* Exercise objective *
Restate word for word the material below, starting at the line that contains "Nozzle for Turbo 400 gun - 3.5mm ceramic" and stopping after the last line; skip pictures.
--- Recorded data Enclosed Below ---
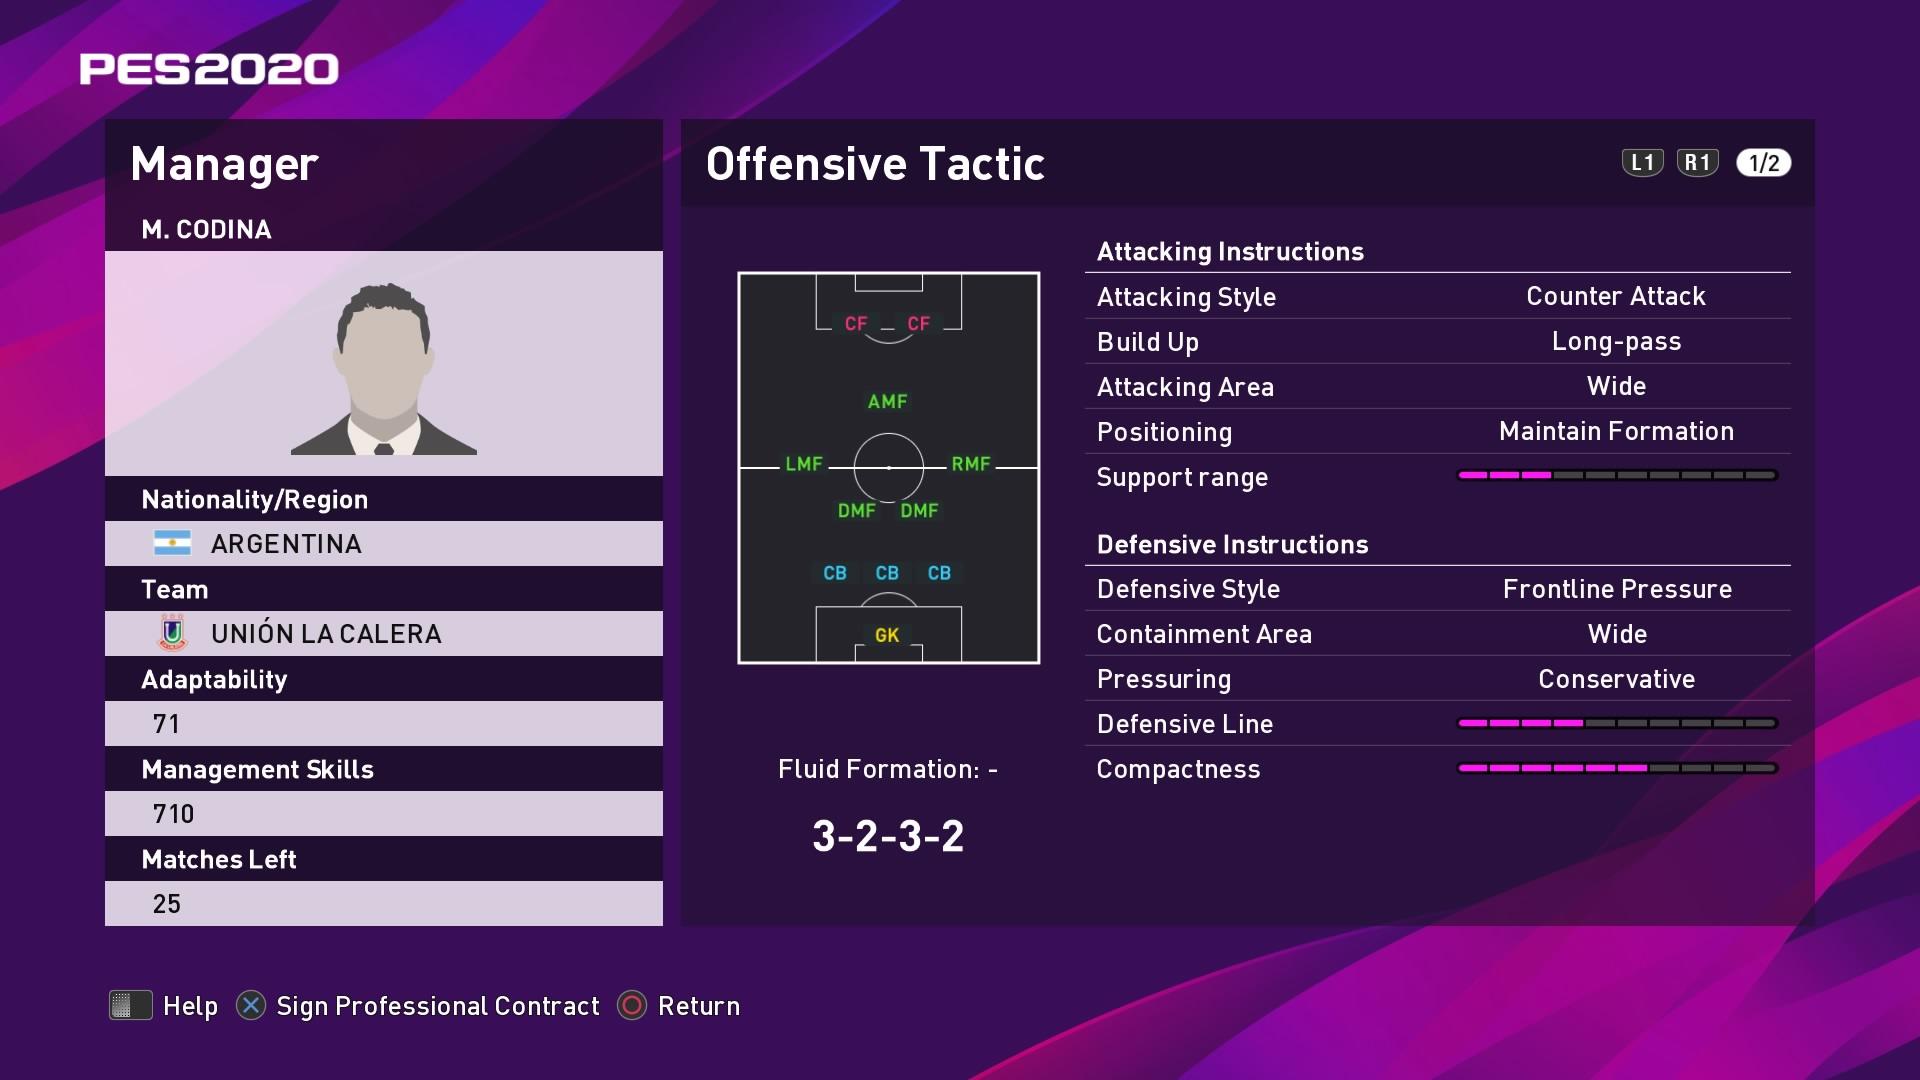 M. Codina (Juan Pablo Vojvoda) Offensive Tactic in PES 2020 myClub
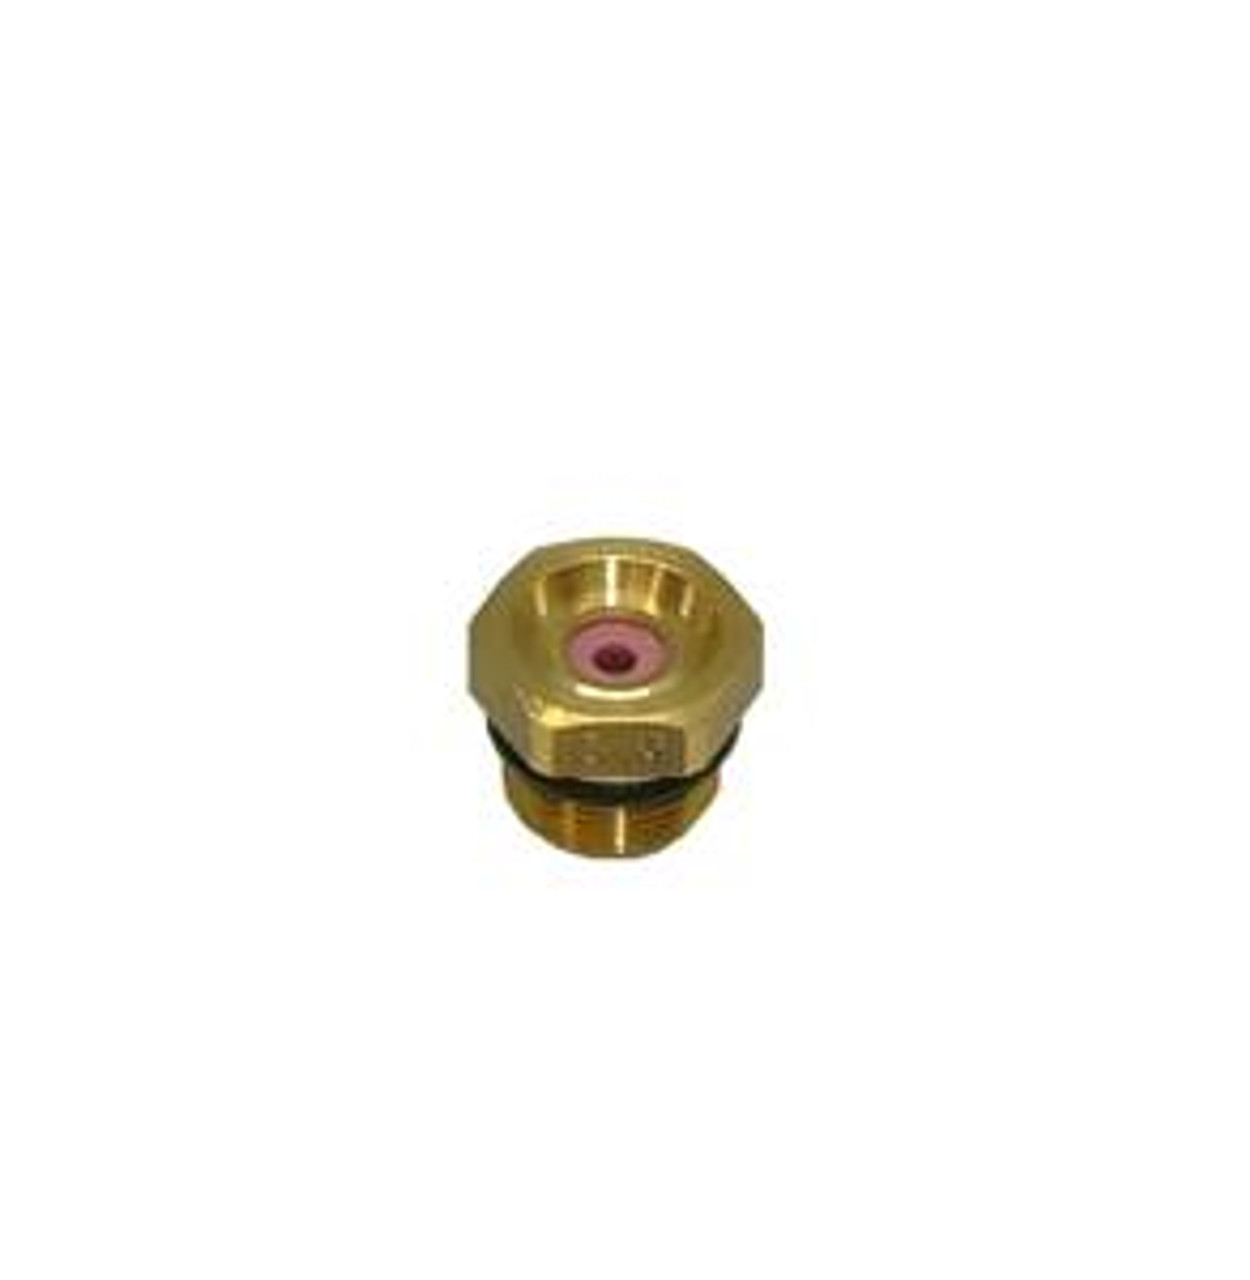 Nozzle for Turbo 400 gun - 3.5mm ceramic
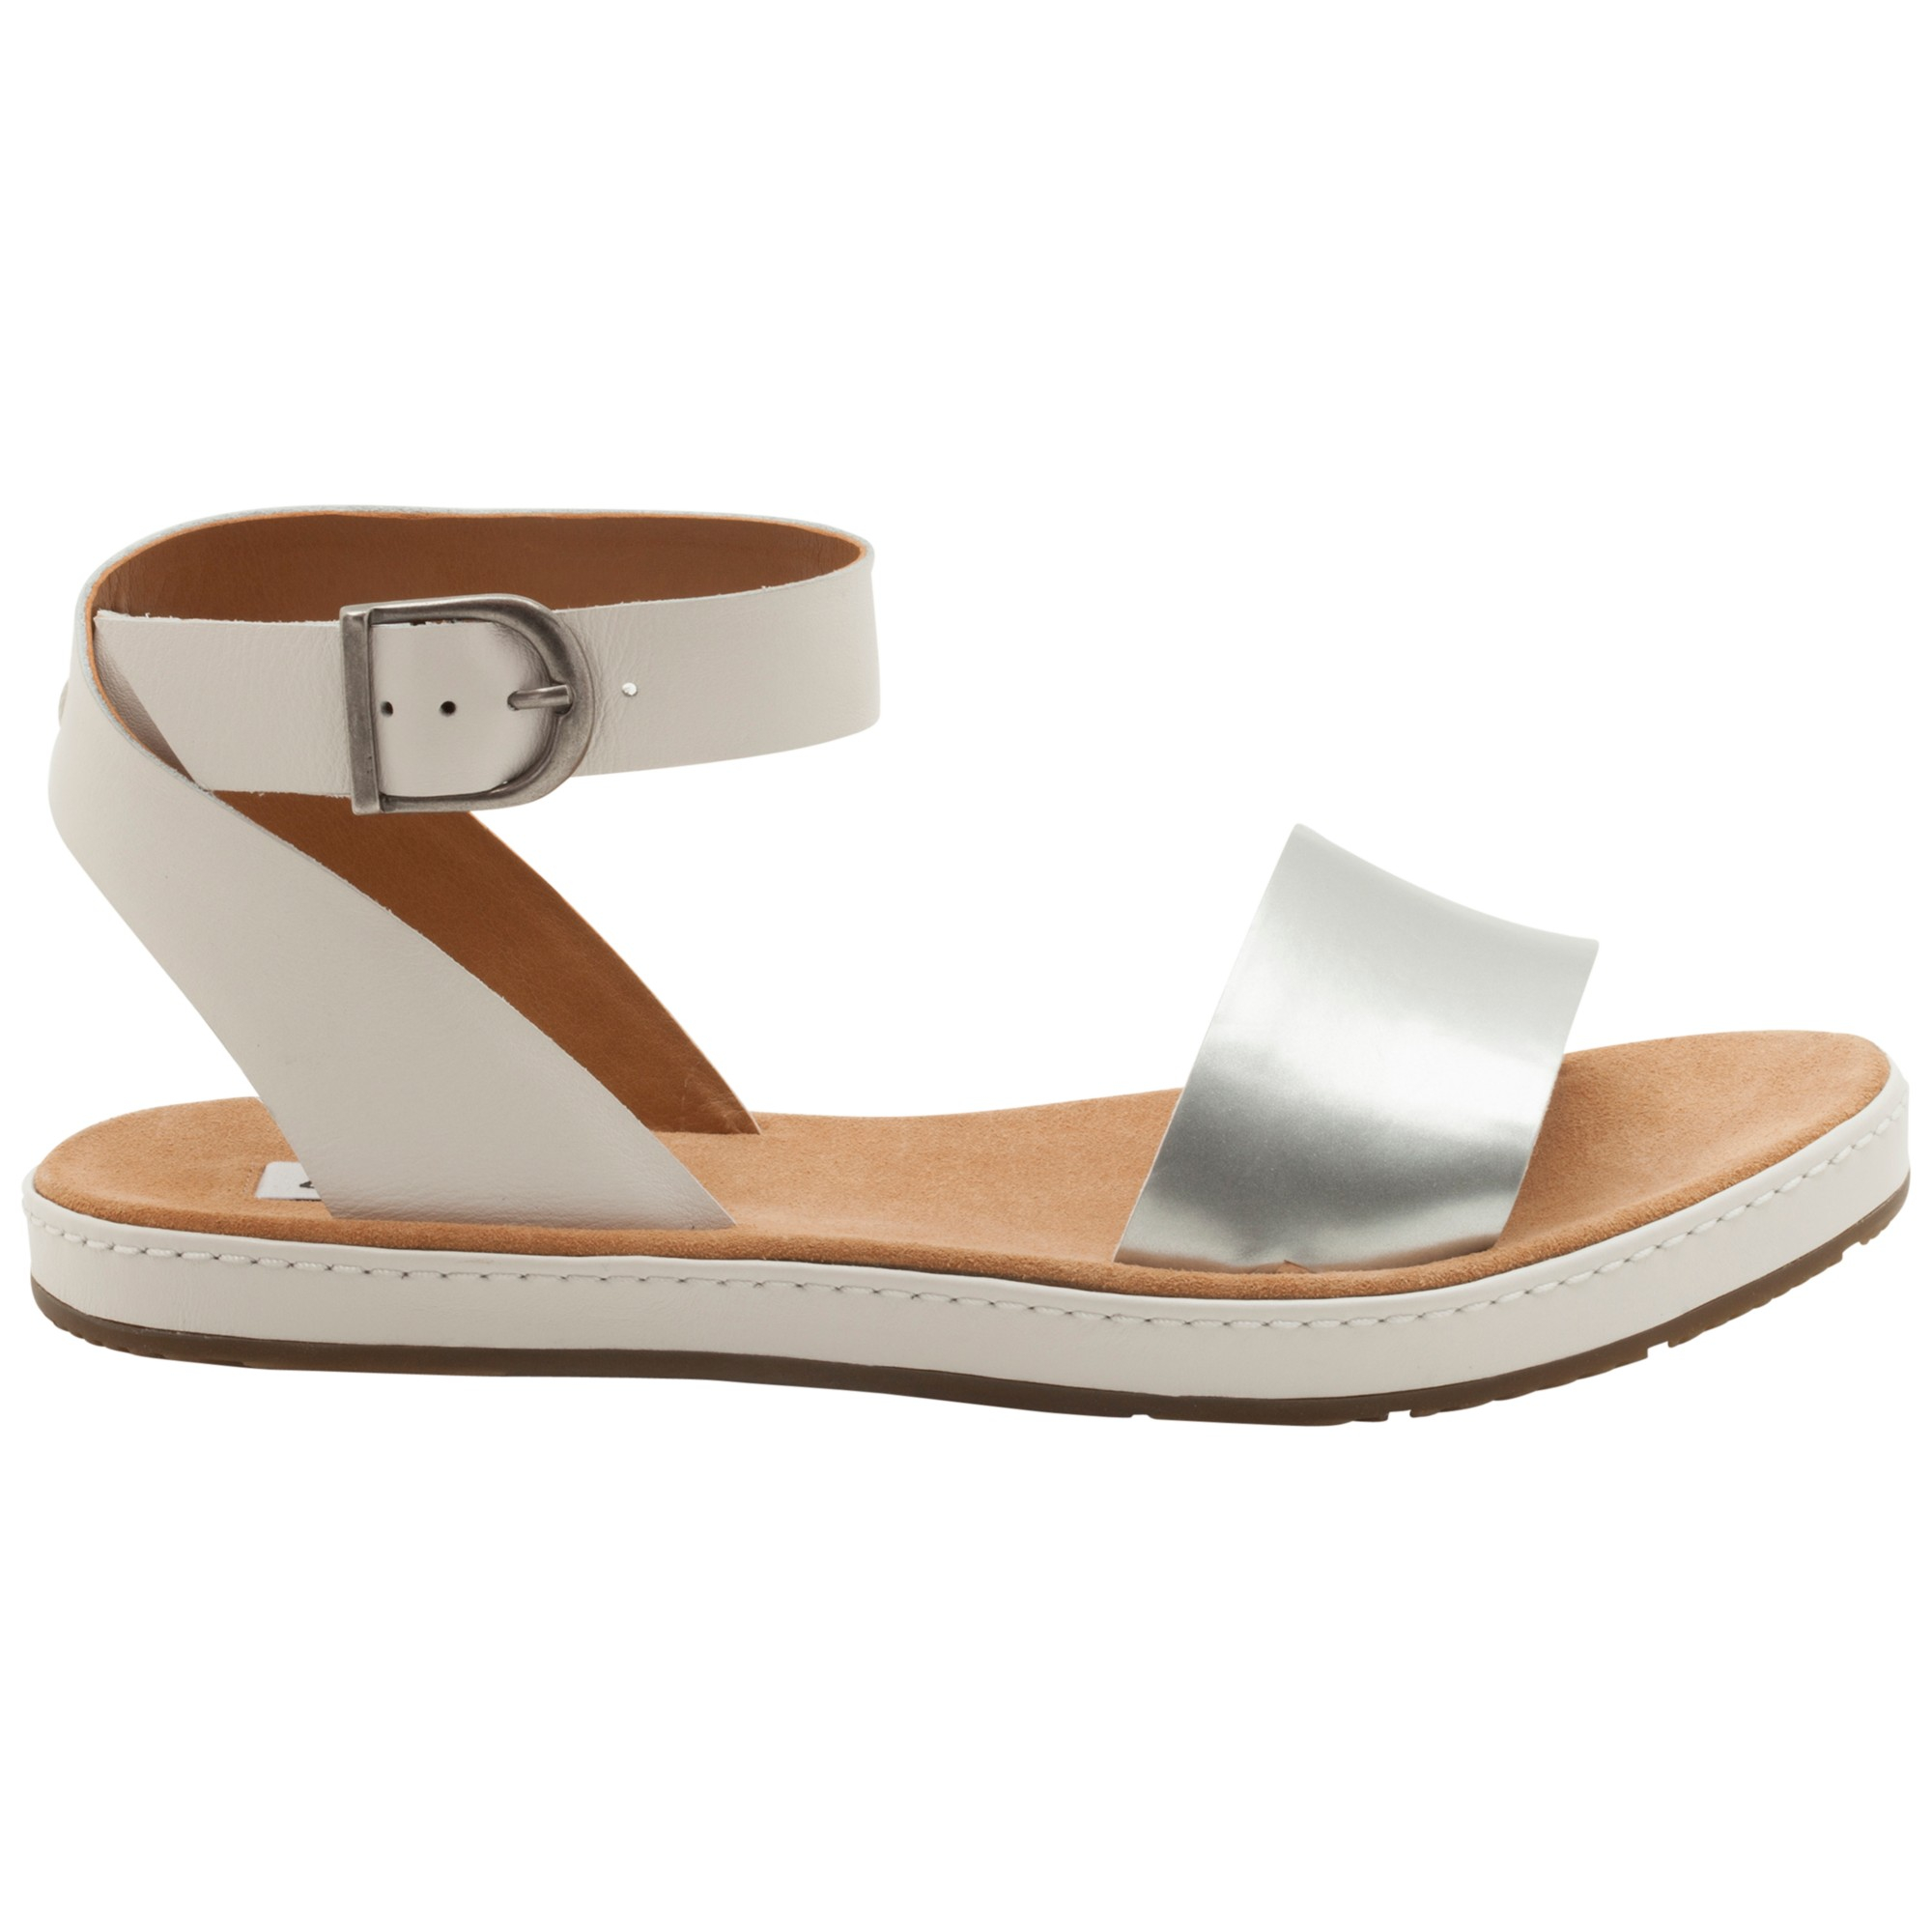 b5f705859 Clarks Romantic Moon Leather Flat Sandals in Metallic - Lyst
--- End of Enclosed Recorded data ---
* Solution *
 Nozzle for Turbo 400 gun - 3.5mm ceramic
 b5f705859 Clarks Romantic Moon Leather Flat Sandals in Metallic - Lyst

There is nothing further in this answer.